3 Keys to Overcoming Lust

In Articles, Pornography, Sex by Matt Cline

What does it mean to “overcome?”

While we’re at it, what does it mean to be overcome?

We can be overcome with emotion, which means we are overwhelmed by our feelings and lose control of them. This often results in extreme outbursts of outward expressions like crying or laughing.

Likewise, we can feel overcome by lust for sexual immorality.
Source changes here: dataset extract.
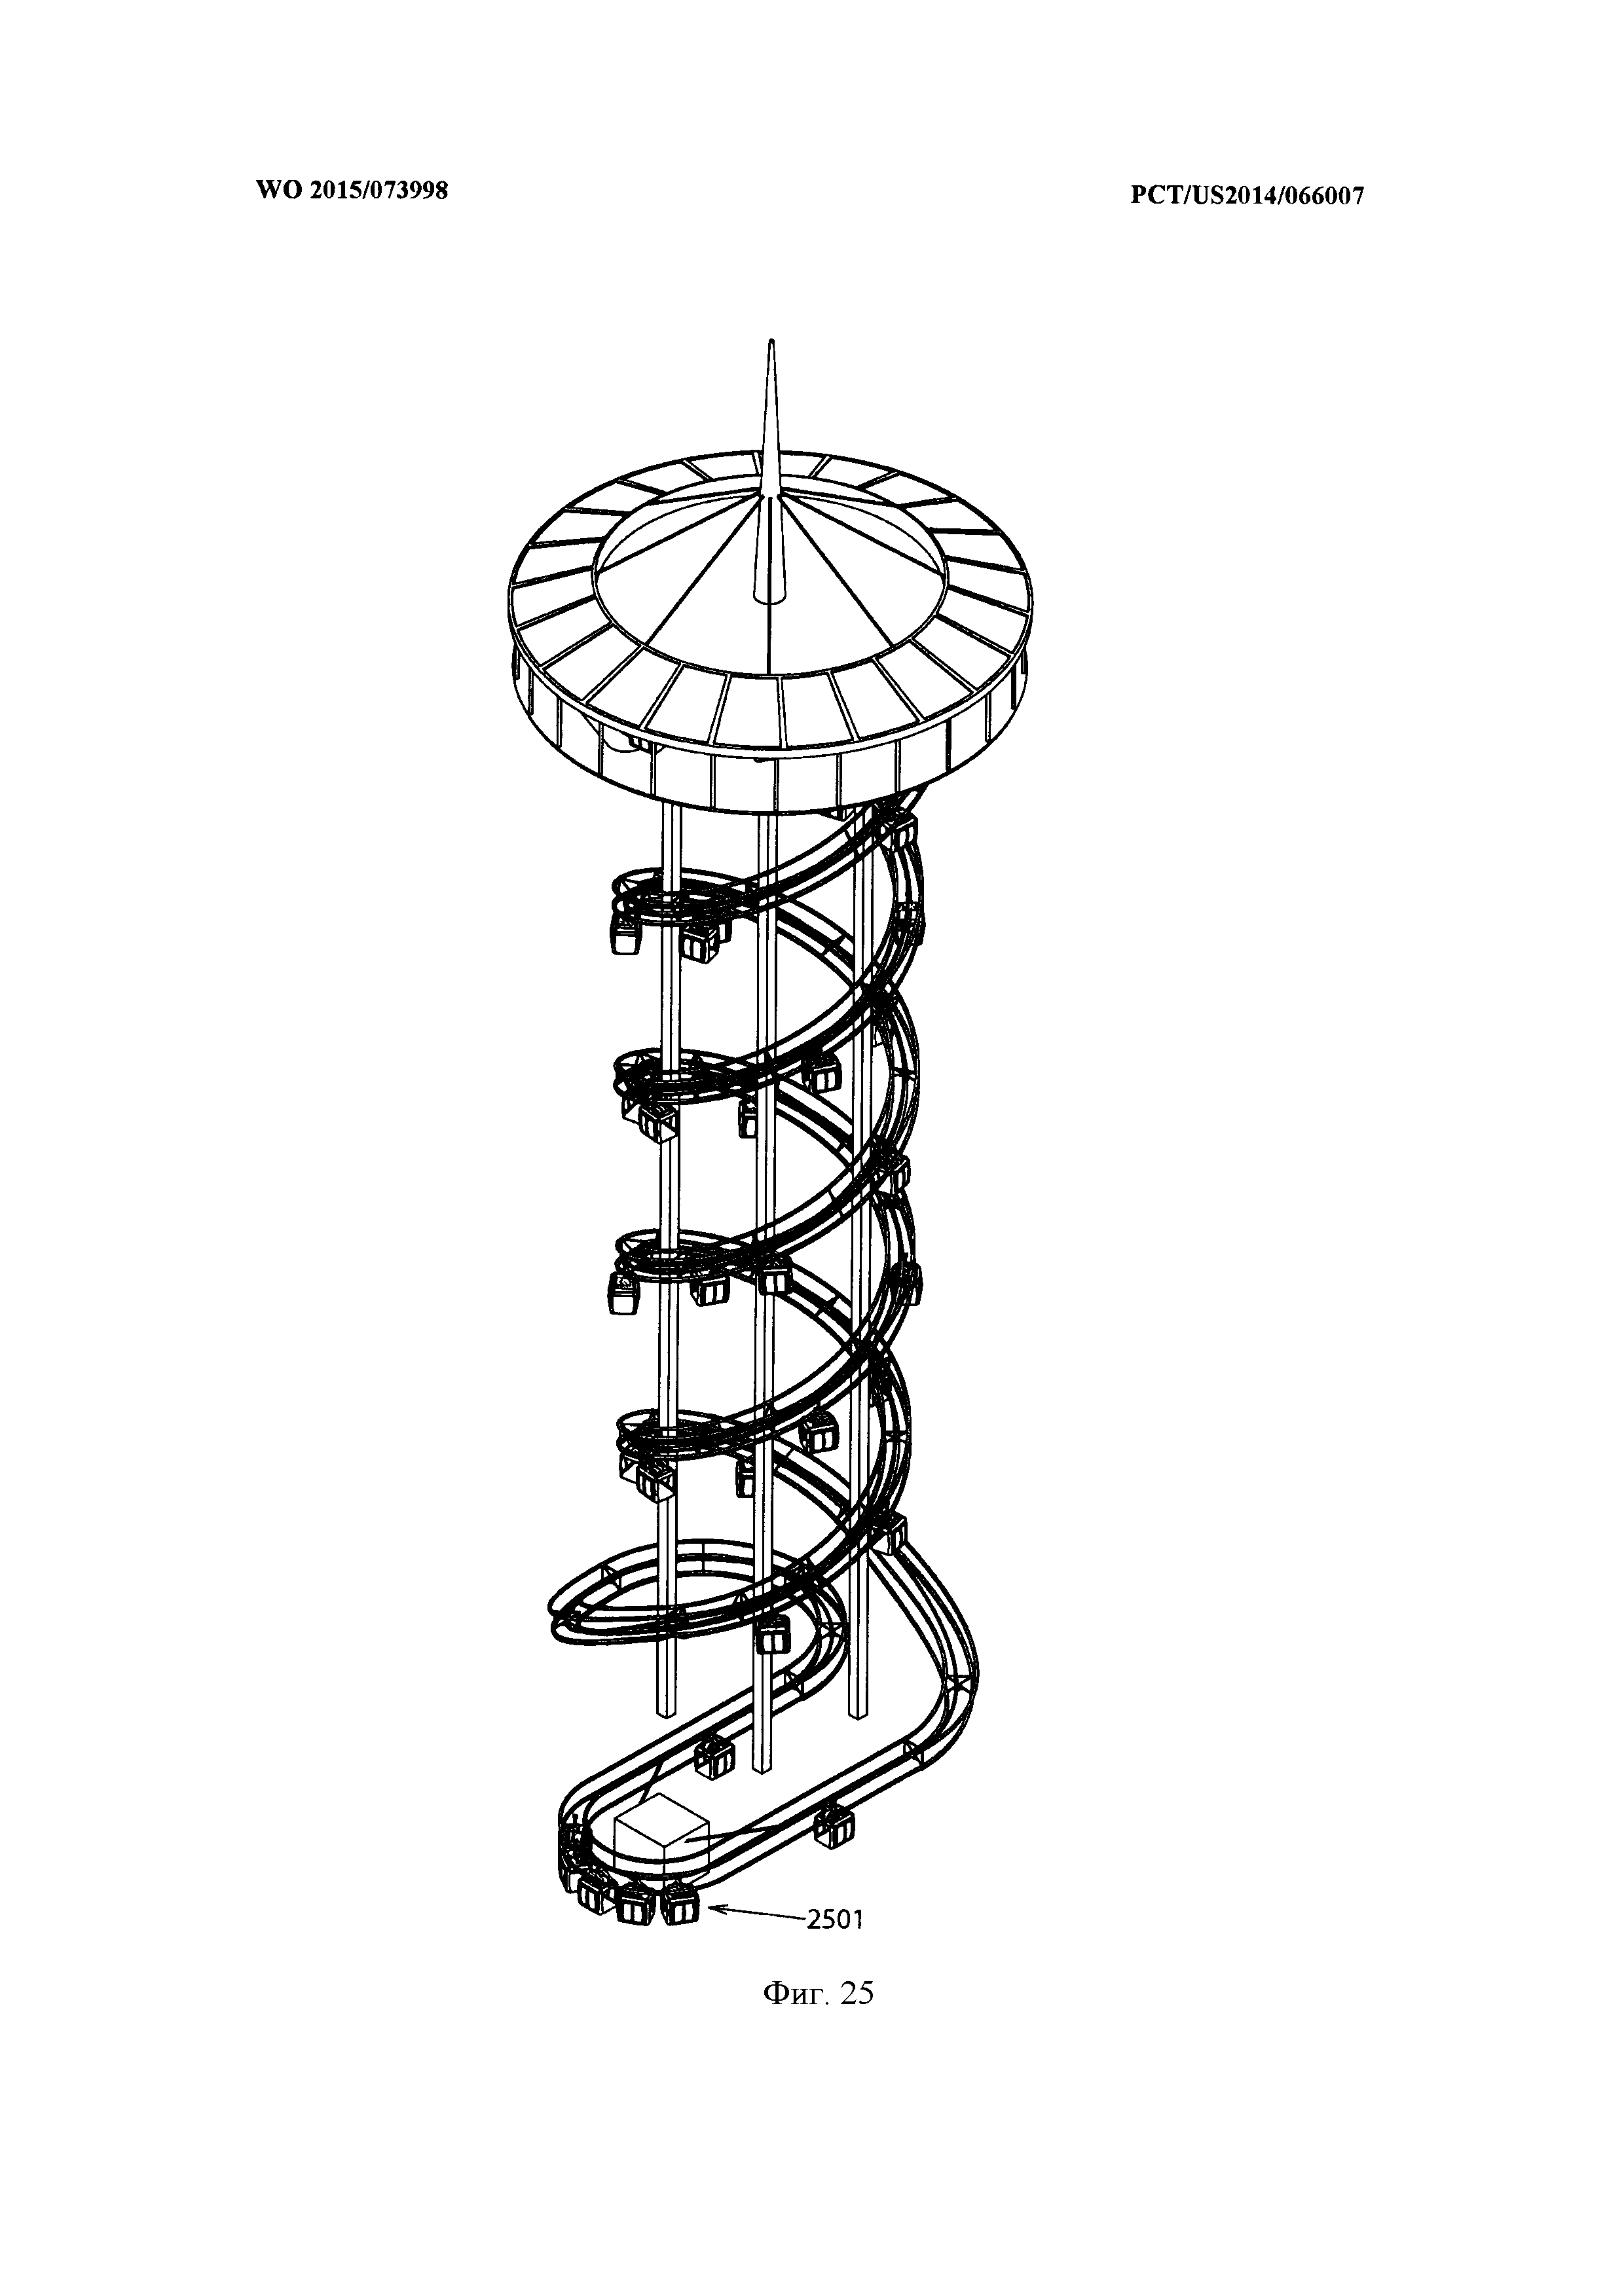 Рельсовые пути и привод аттракциона, установленного на башне
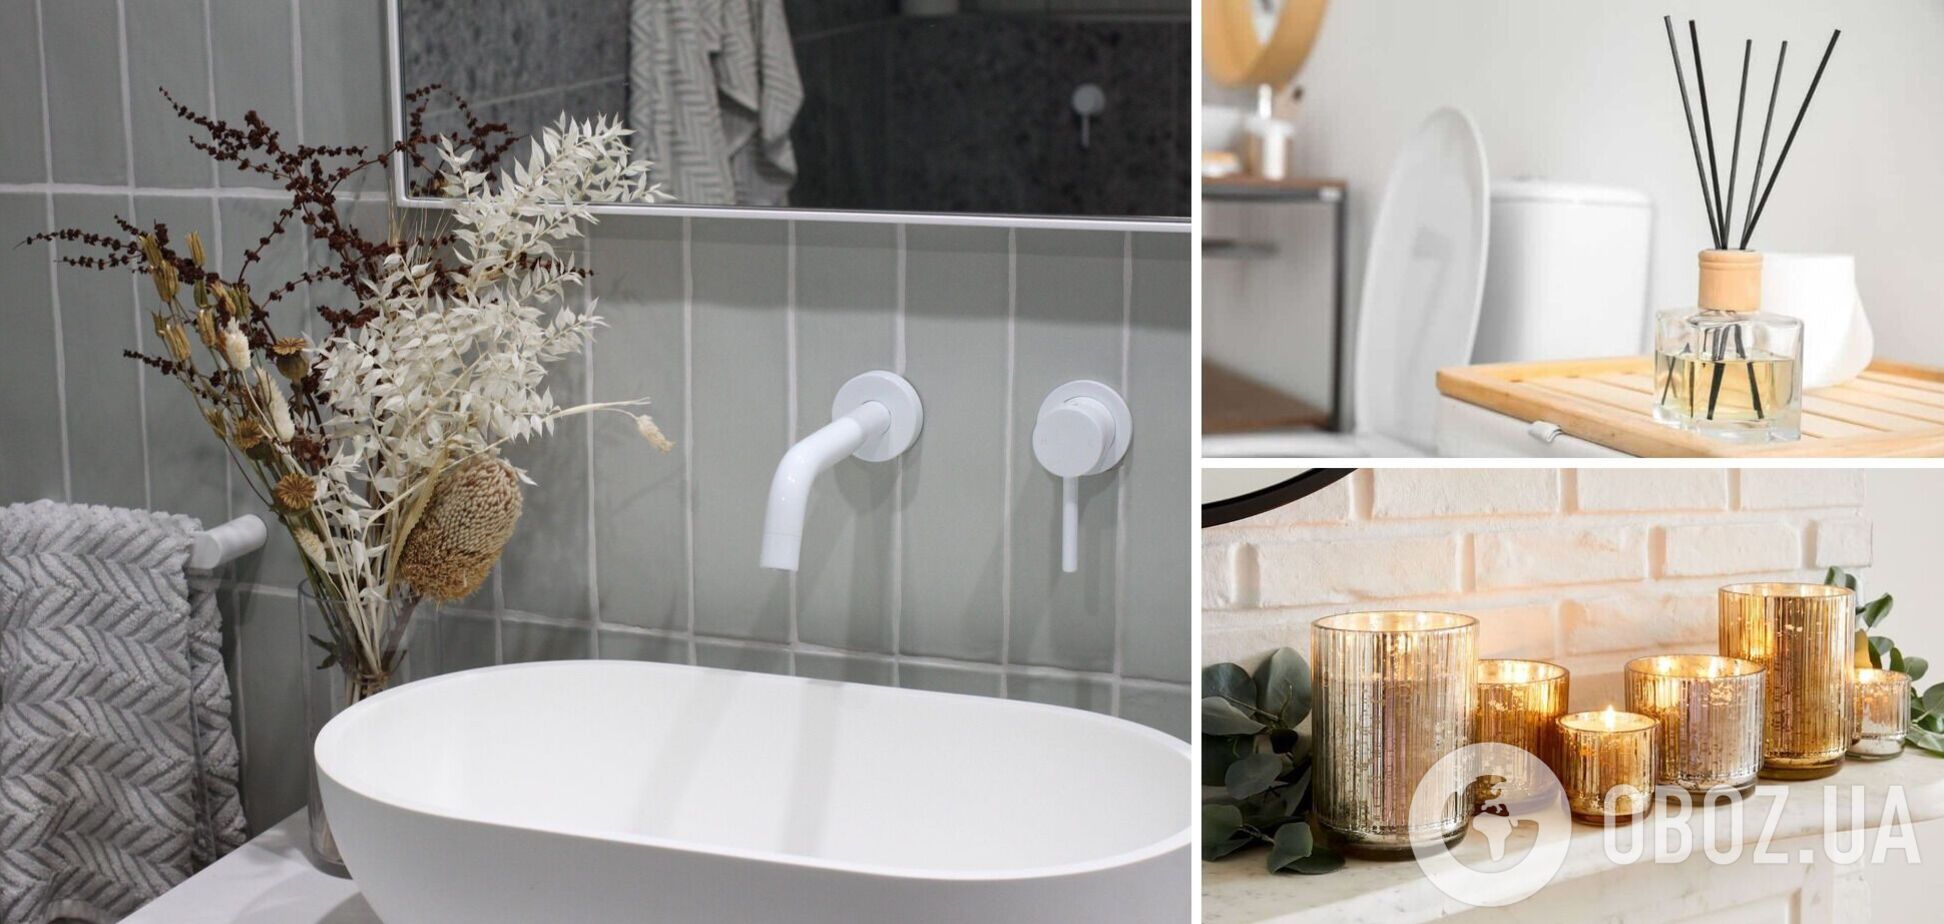 В ванной будет стоять невероятный аромат: как сделать, чтобы дома приятно пахло

Many men have made a habit of trading our self-control for more animalistic behavior when urges arise for sexual fantasy, pornography, masturbation, or other sexual vices.

While our hearts truly long for freedom in Christ, we are instead left feeling defeated after sin.

Overcoming lust is most easily done by letting our hearts, minds, and sex drive be “overcome” by the power of Christ.

In working with men for years in this area, I’ve seen critical differences between those who break free from sexual sin patterns and those who don’t.

Although there are more commonalities, I want to outline three essential keys to letting your sexuality be overcome by Jesus.

1. Invite Jesus Into the Problem

Do you invite Jesus into your sexual struggles? There is a difference between men who have learned to do this versus those who attempt fighting in their own strength.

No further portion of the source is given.